## Exercise description:
Print out the data exactly, keeping every image out of it.

## Given material:
--- START ---
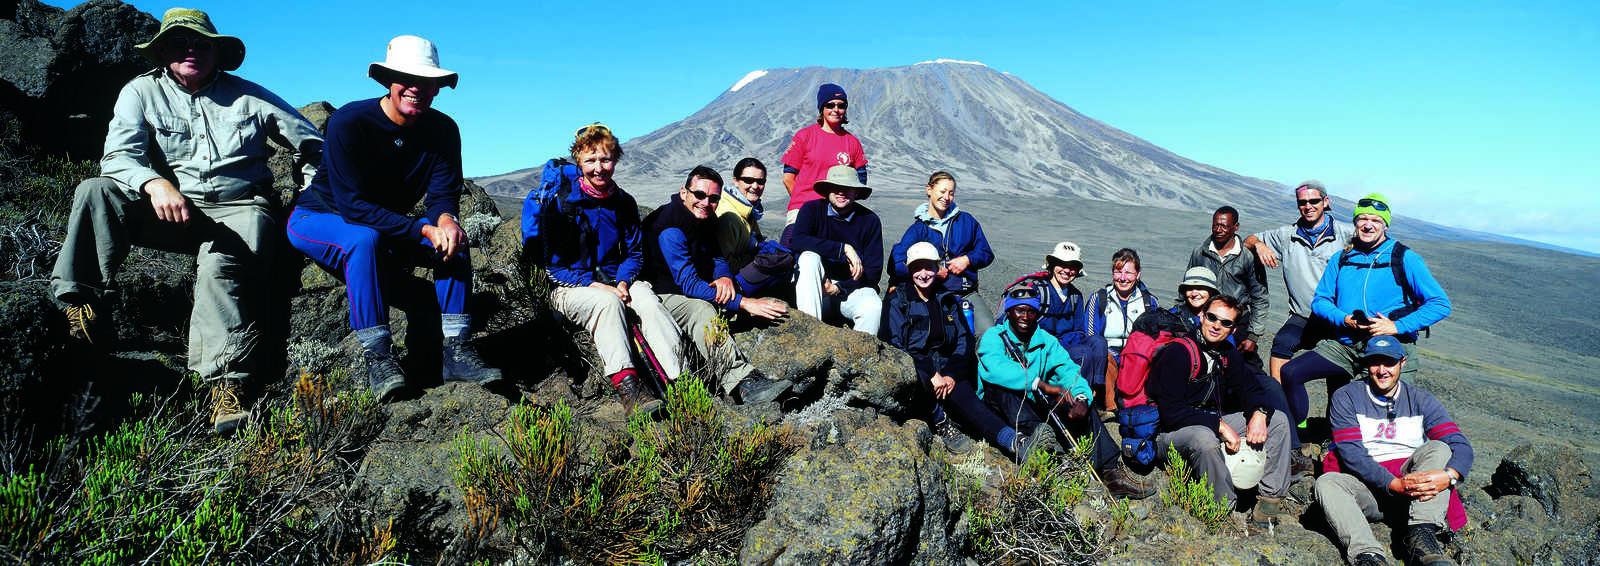 Group near the Saddle on Kilimanjaro, Tanzania
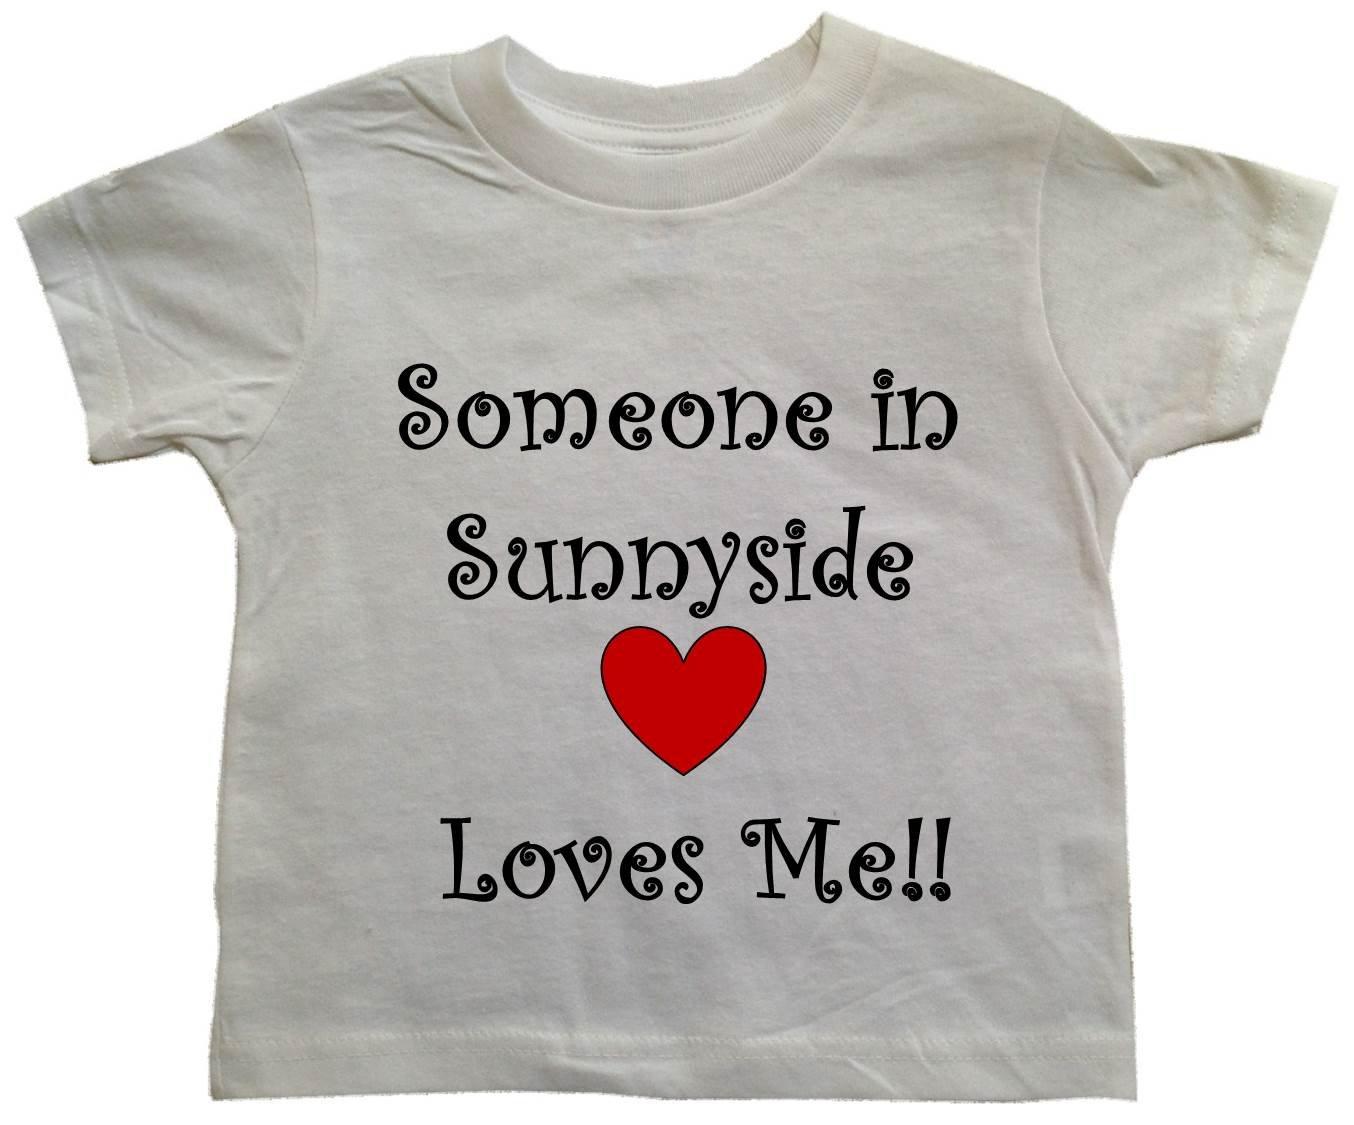 Buy Sunnyside Federal Now!
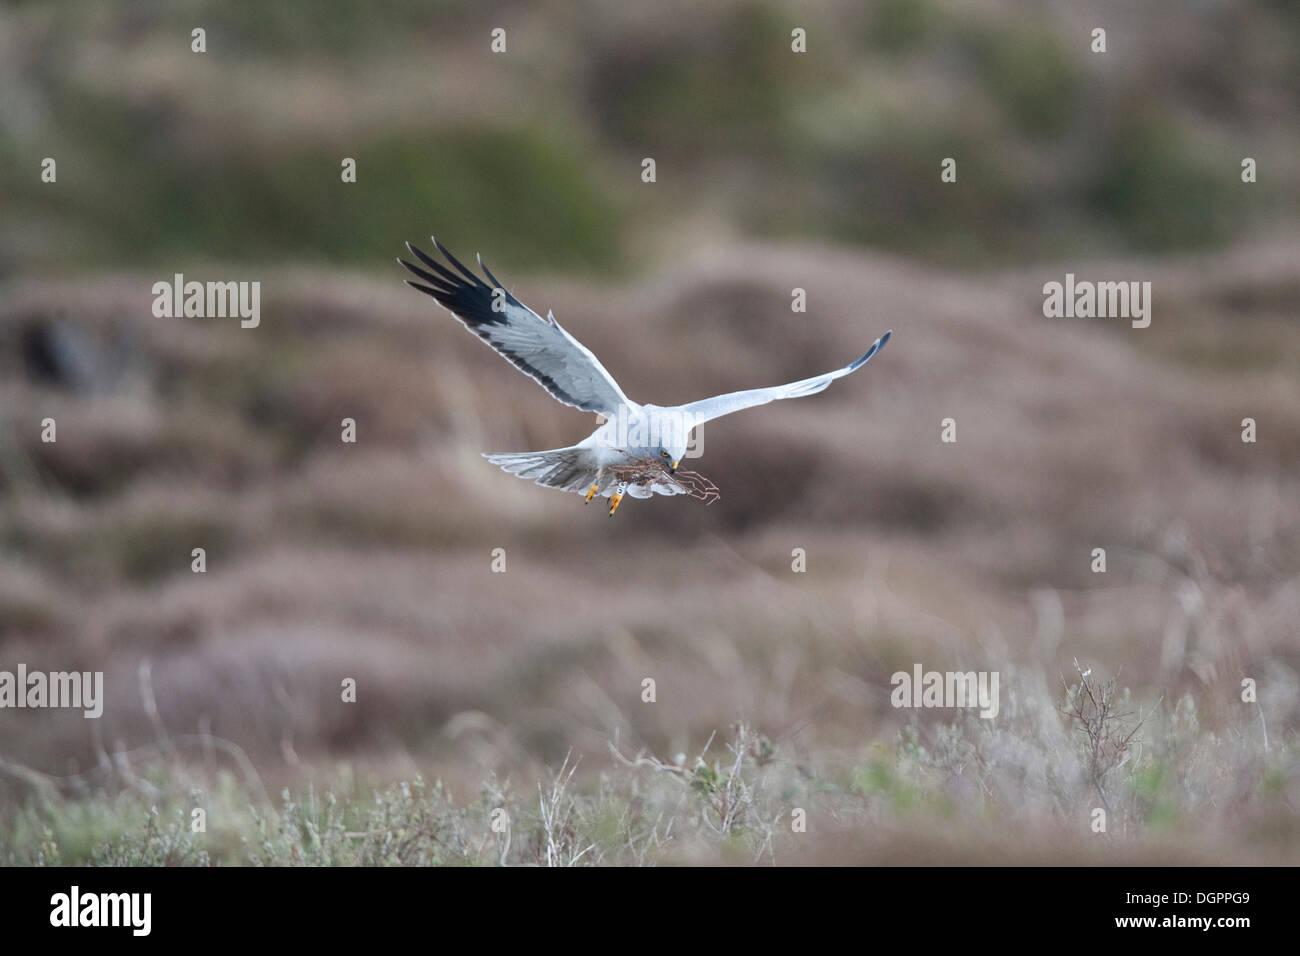 Hen harrier in flight (Circus cyaneus), male, Texel, Netherlands, Europe Stock Photo
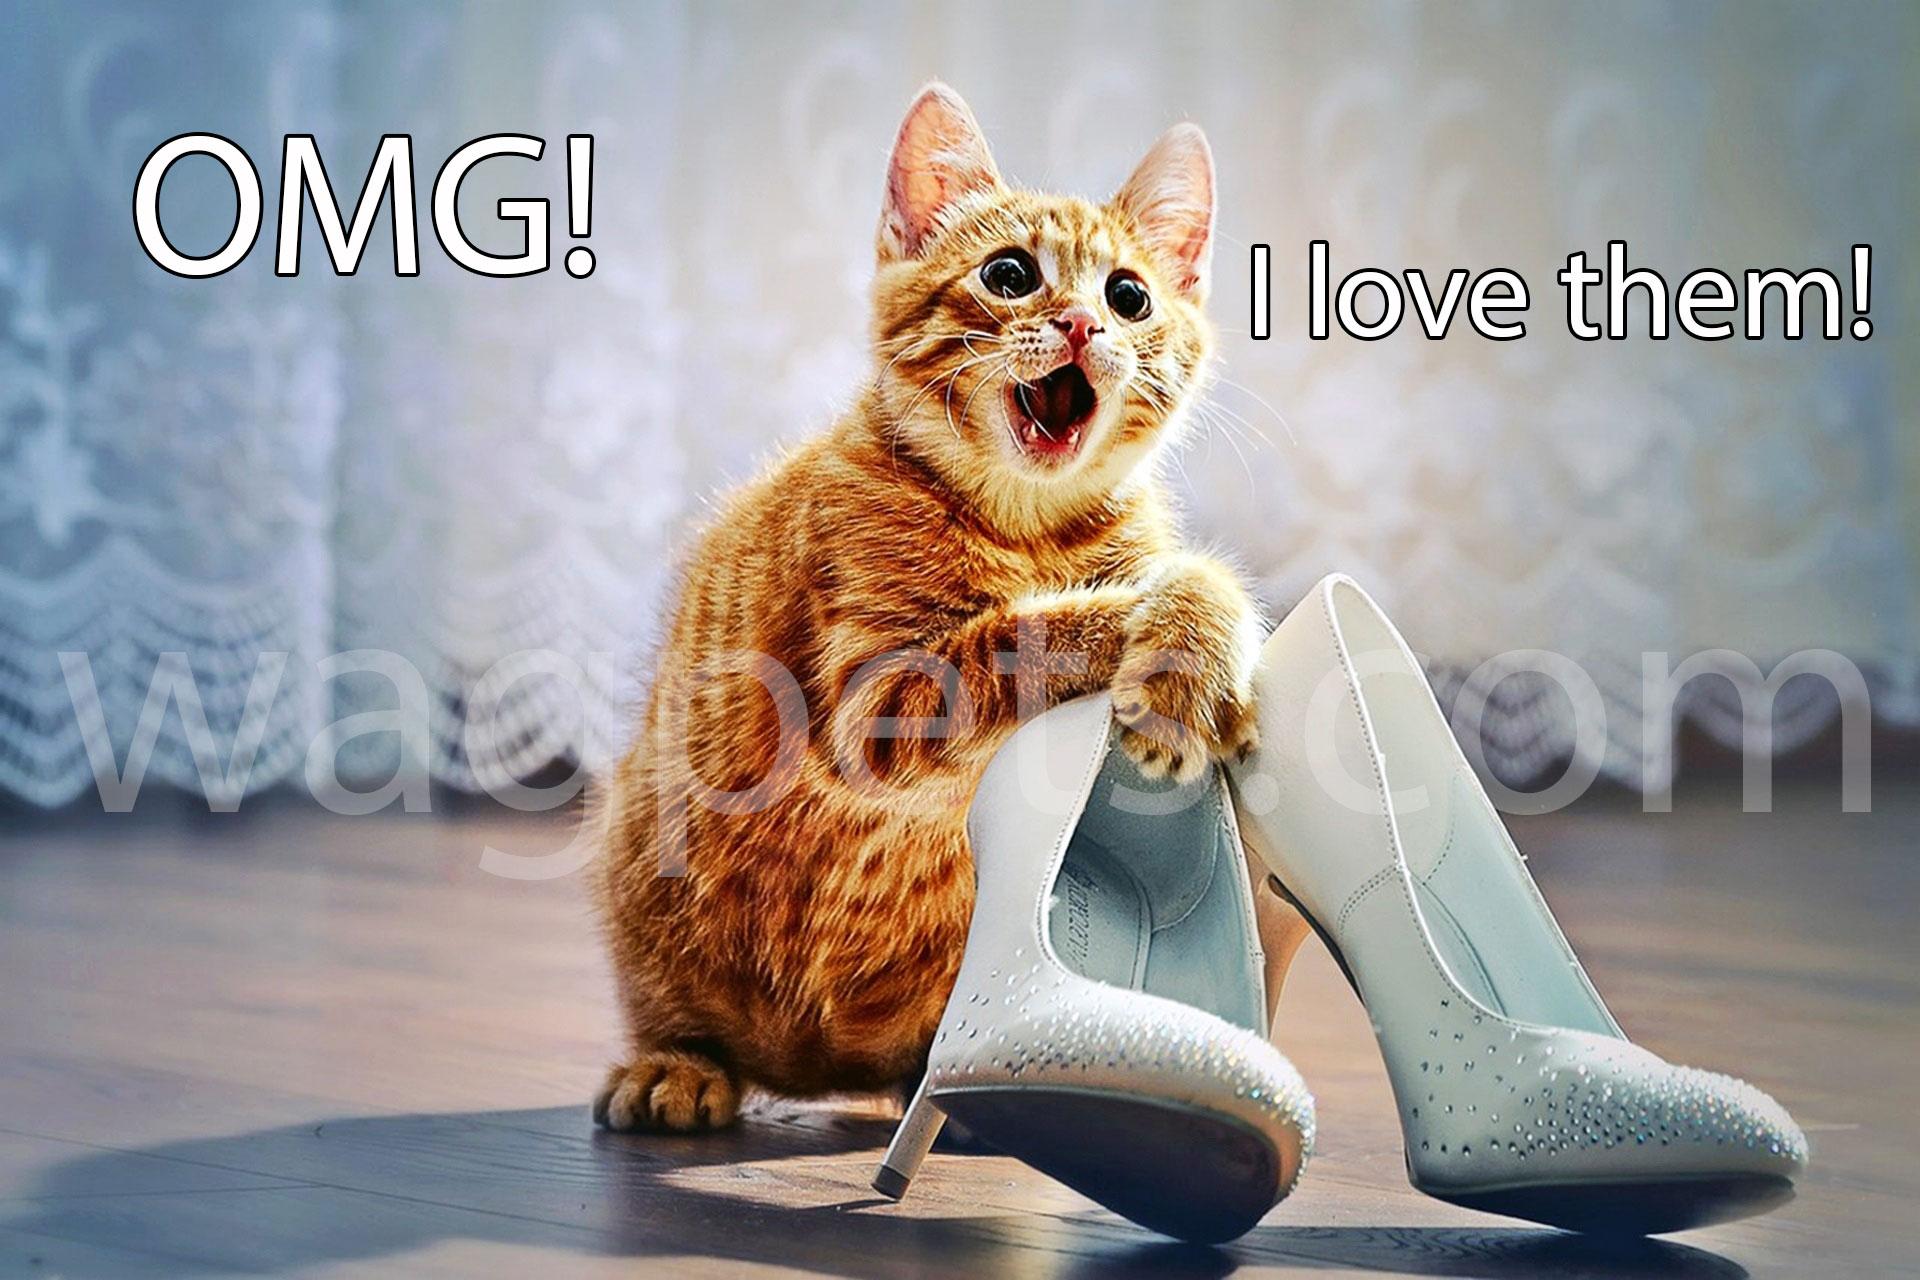 OMG! I love them!
--- END ---
## Solution:
 Group near the Saddle on Kilimanjaro, Tanzania
 Buy Sunnyside Federal Now!
 Hen harrier in flight (Circus cyaneus), male, Texel, Netherlands, Europe Stock Photo
 OMG! I love them!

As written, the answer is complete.